The basic story is the familiar 10th-grade assigned summer reading staple. Set in the early days of the Massachusetts Bay Colony, Hester Prynne (Moore) becomes smitten with the charismatic Rev. Arthur Dimmesdale (Oldman), and he with her. Once they are convinced that Hester's husband, Roger (Robert Duvall), has been slaughtered by local Indians, they release their passion in a fierce, erotic one-night stand. (The only clich missing from their sensual encounter is a song by The Righteous Brothers.) Hester becomes pregnant, and without a husband present, the elders deduce that she must be guilty of adultery. Hester refuses to name her lover, so after an extended imprisonment she is forced to wear the letter "A" on her breast as a constant reminder of her shame.

I might have admired the filmmakers more if they had contented themselves with producing a run-of-the-mill bodice-ripper, instead of trying to dress it up as a "prestige" production, trading off a well-known name they damn well never intended to honor. The emblem Hester must wear, for example, slowly goes from being a drab, spare symbol to a gilt-edged piece of fine embroidery; rather than leave it a badge of reproach and dishonor, Hester turns it into a fashion accessory. She and Arthur are also the most frolicsome couple Puritanism ever produced, and apparently the only young, sexual people in the entire colony. (Almost all of the women are either stern hags or mousy maidens, except for Joan Plowright, playing her part as the salty Harriet Hibbins with bawdy bravado. She may be the only person in the entire movie who's actually having fun.)

Hester Prynne is a trailblazing character in American letters: a woman stronger and more centered than all the men around her. She has convictions and the wherewithal to suffer the indignities meted to her for a vague, unfathomable (in the sexist view of the elders) "crime." All that considered, Moore still seems a bit too modern for the part; she's best at just being tearful and trembly, and leaving the serious acting to professionals.

Douglas Day Stewart, nestled in the refuge of "freely" adapting Nathaniel Hawthorne's novel (that credit gets the biggest laugh in the movie), fashions a screenplay that more resembles his script for An Officer and a Gentleman than the parable about love and religious hypocrisy that Hawthorne intended. With Joffe's prodding (and Moore's box office clout), what should have been social criticism is transformed into historical romance with a sanctimonious undercurrent and happy ending.

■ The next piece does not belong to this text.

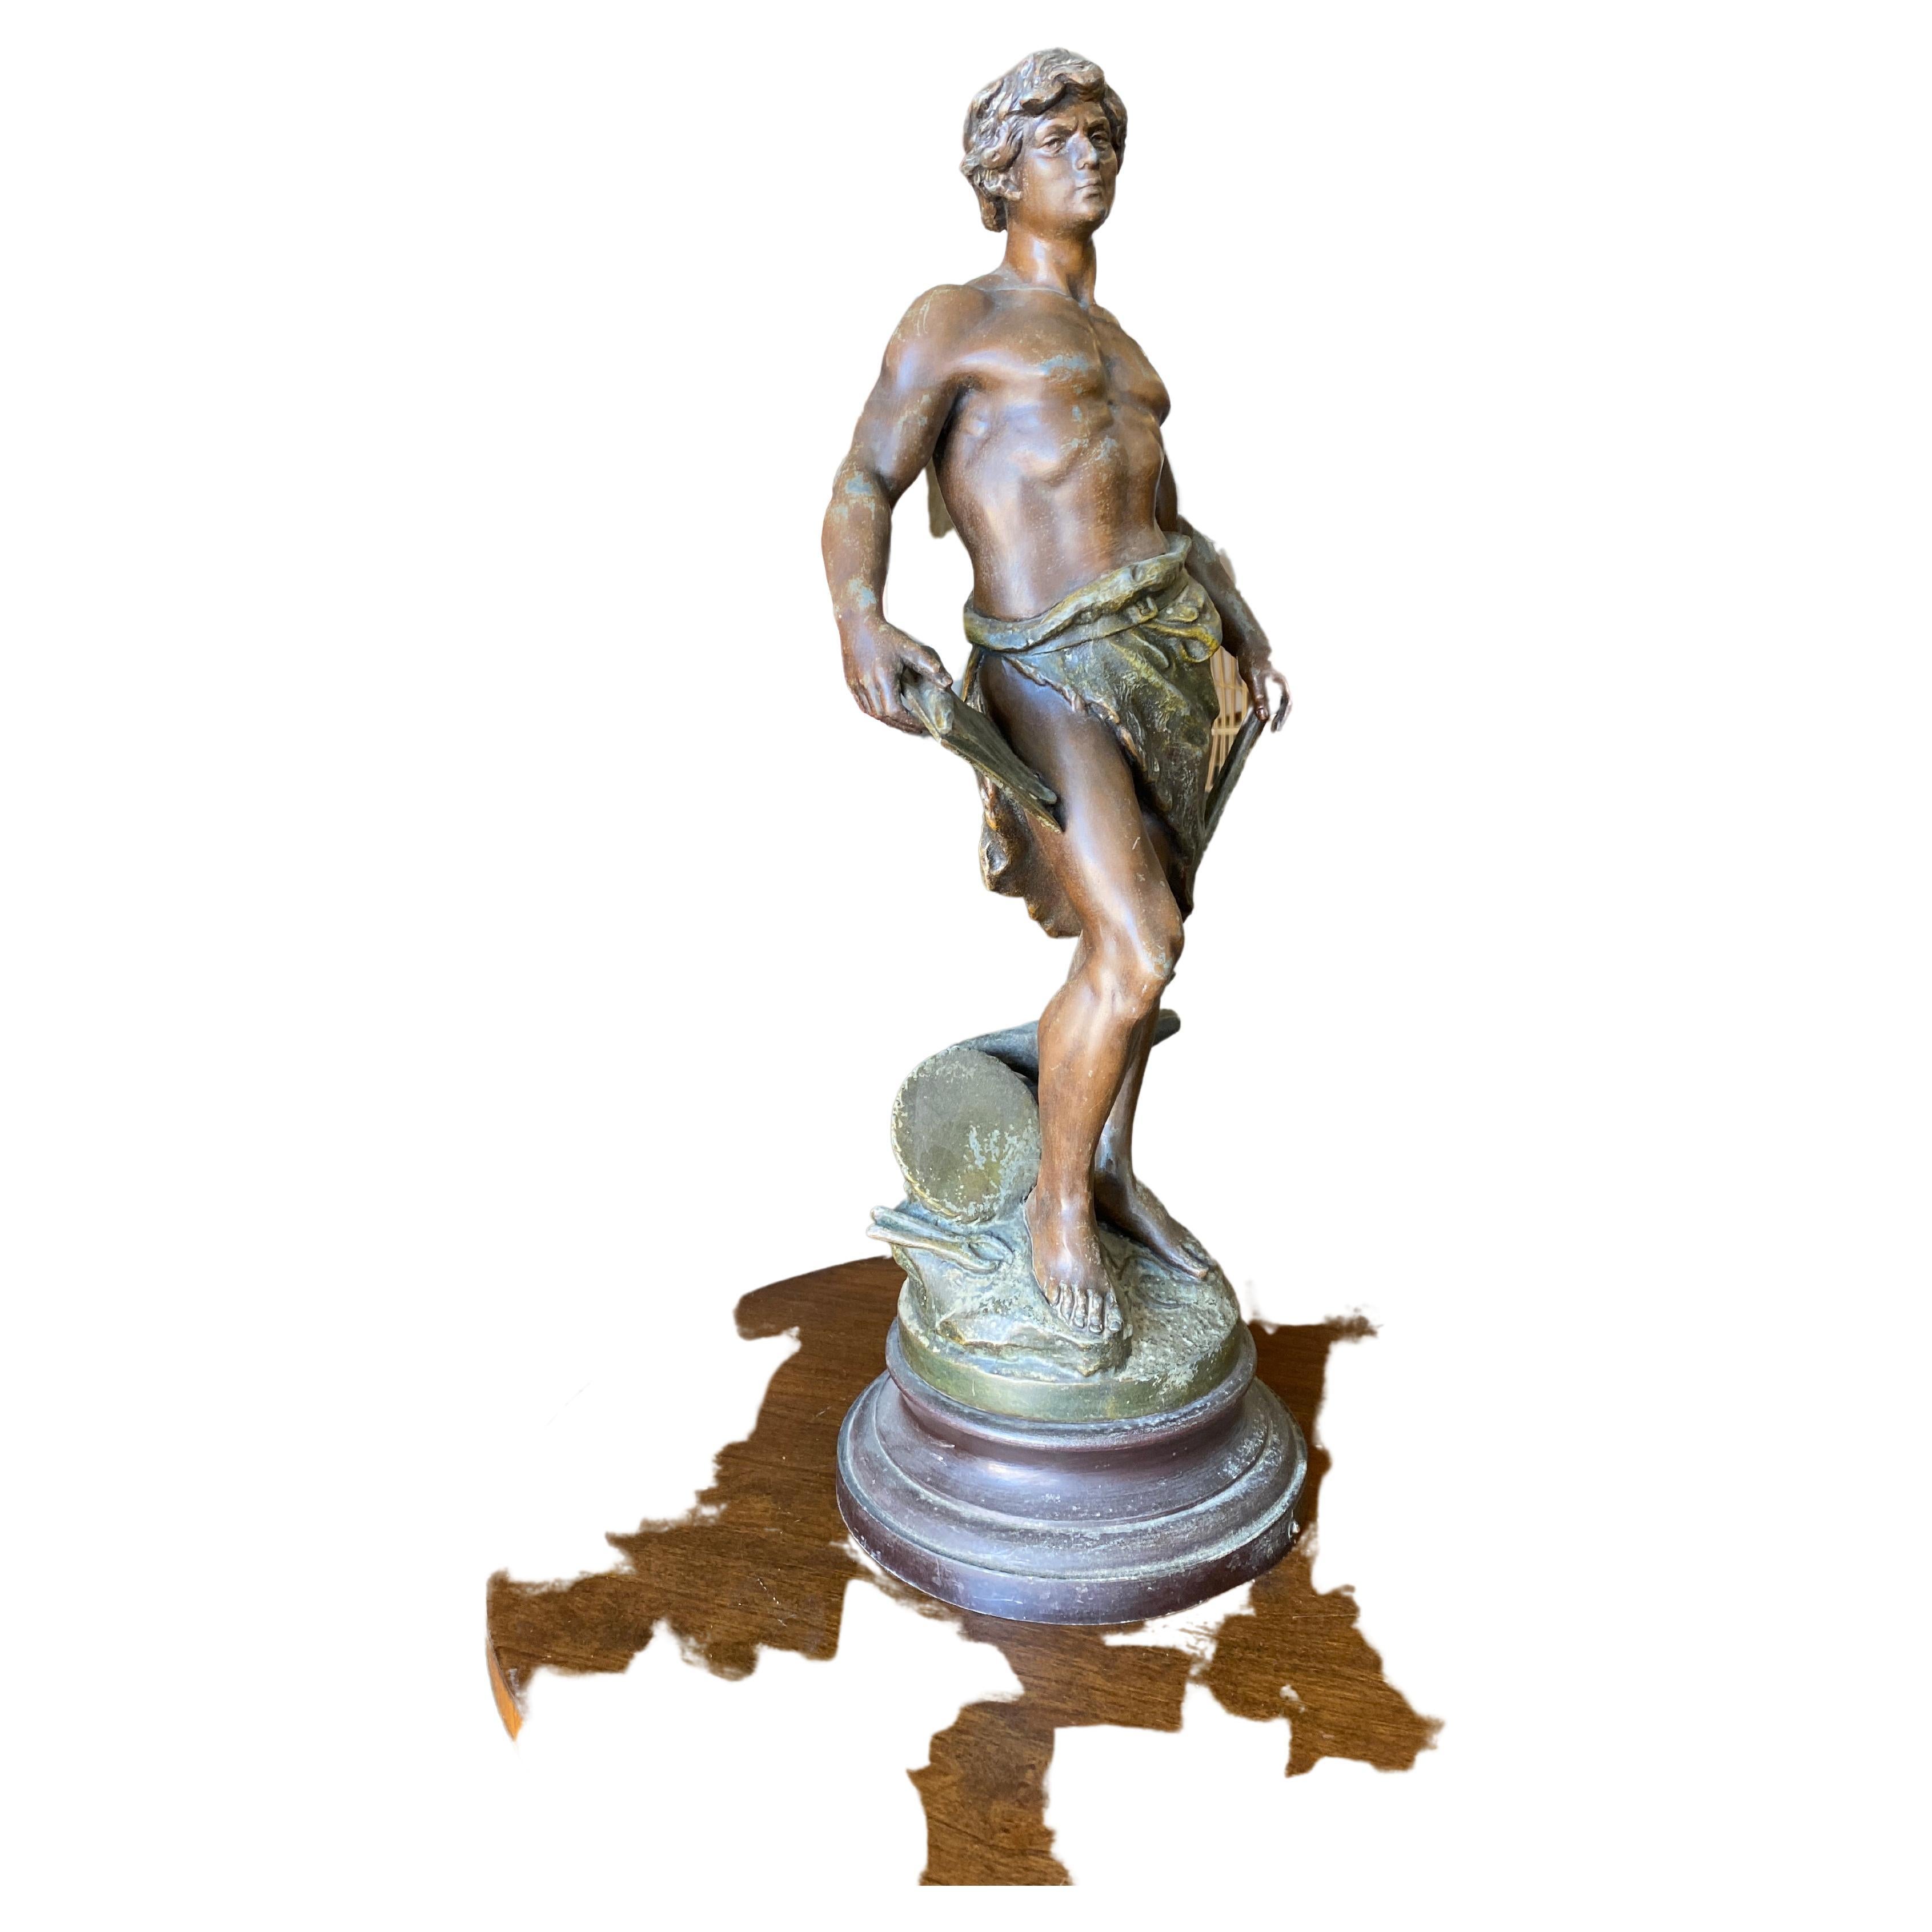 French "Le Travail" Hammership Spelter Sculpture by Francois Moreau, Circa 1900 For Sale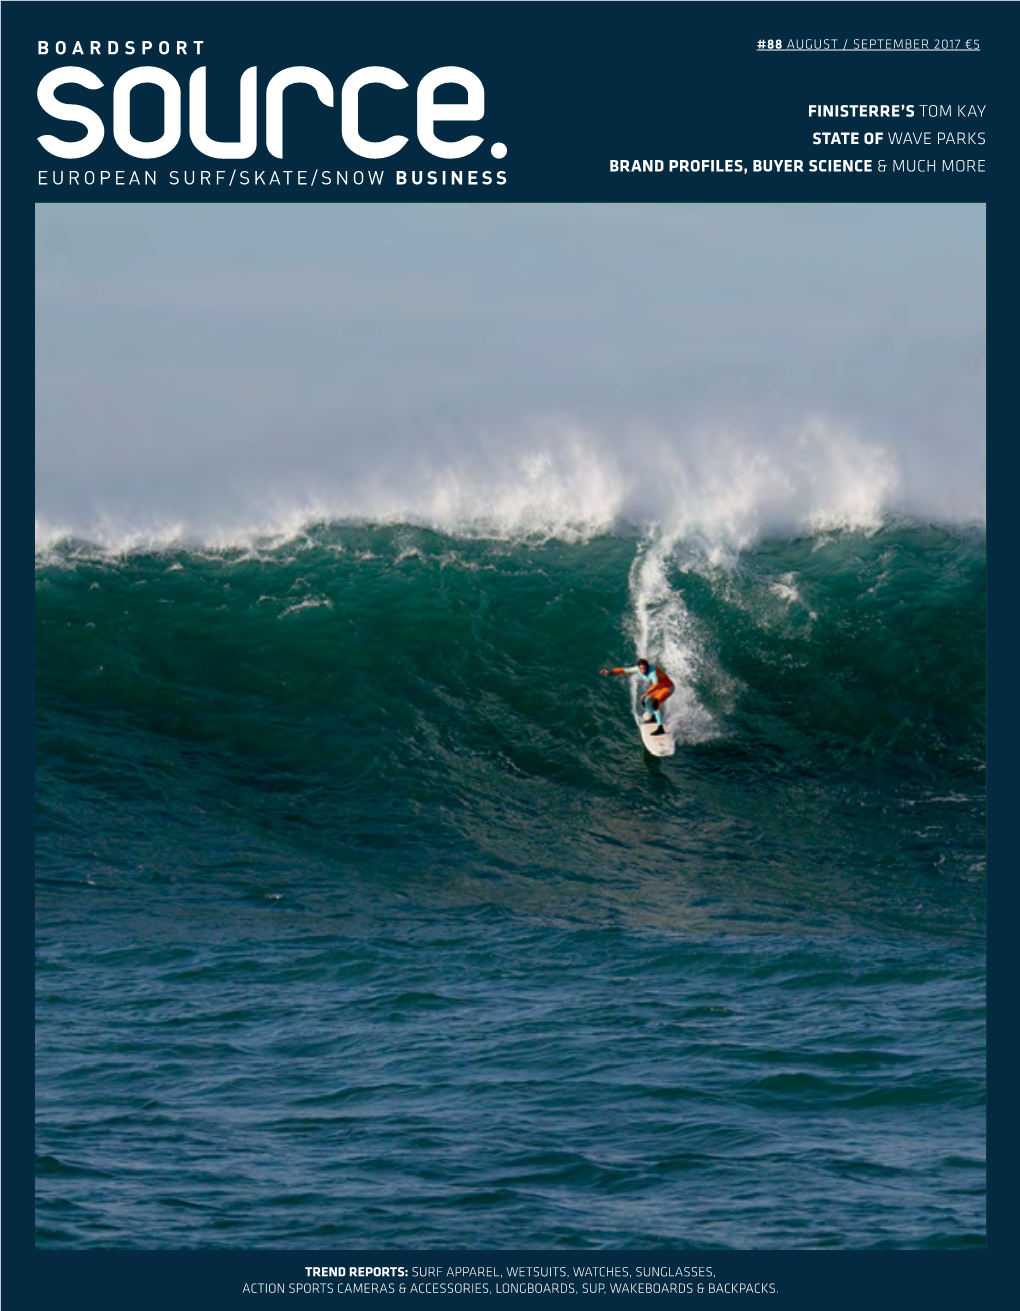 Finisterre's Tom Kay State of Wave

But though its charms are definitely subtle (and they may be the only things about this melodrama that are), The Scarlet Letter is passable entertainment. The film's forays into political commentary are underdeveloped and occasionally just plain intrusive, but at least Joffe has the good sense to cut back quickly to Moore's pouty lips and dewy cow-eyes. After all, Joffe's canny enough to realize what the audience came to see, and he's making as commercial a bid as he can possibly muster.

I don't expect many people will be going to The Scarlet Letter with dog-eared versions of the book in their pockets. The Utne Reader will not be the chief venue for marketing the film. High school students who watch the movie in order to cheat on mid-terms will be sorely disappointed by their grades. While a muddled and often silly romance, The Scarlet Letter is a mercifully less ponderous film than Joffe could be expected to produce; without the constraints of feeling compelled to be true to his source material, Joffe has conjured up a marvelous disaster, a picture so grand in its wretchedness it's something of a surprise to realize that it is watchable at all.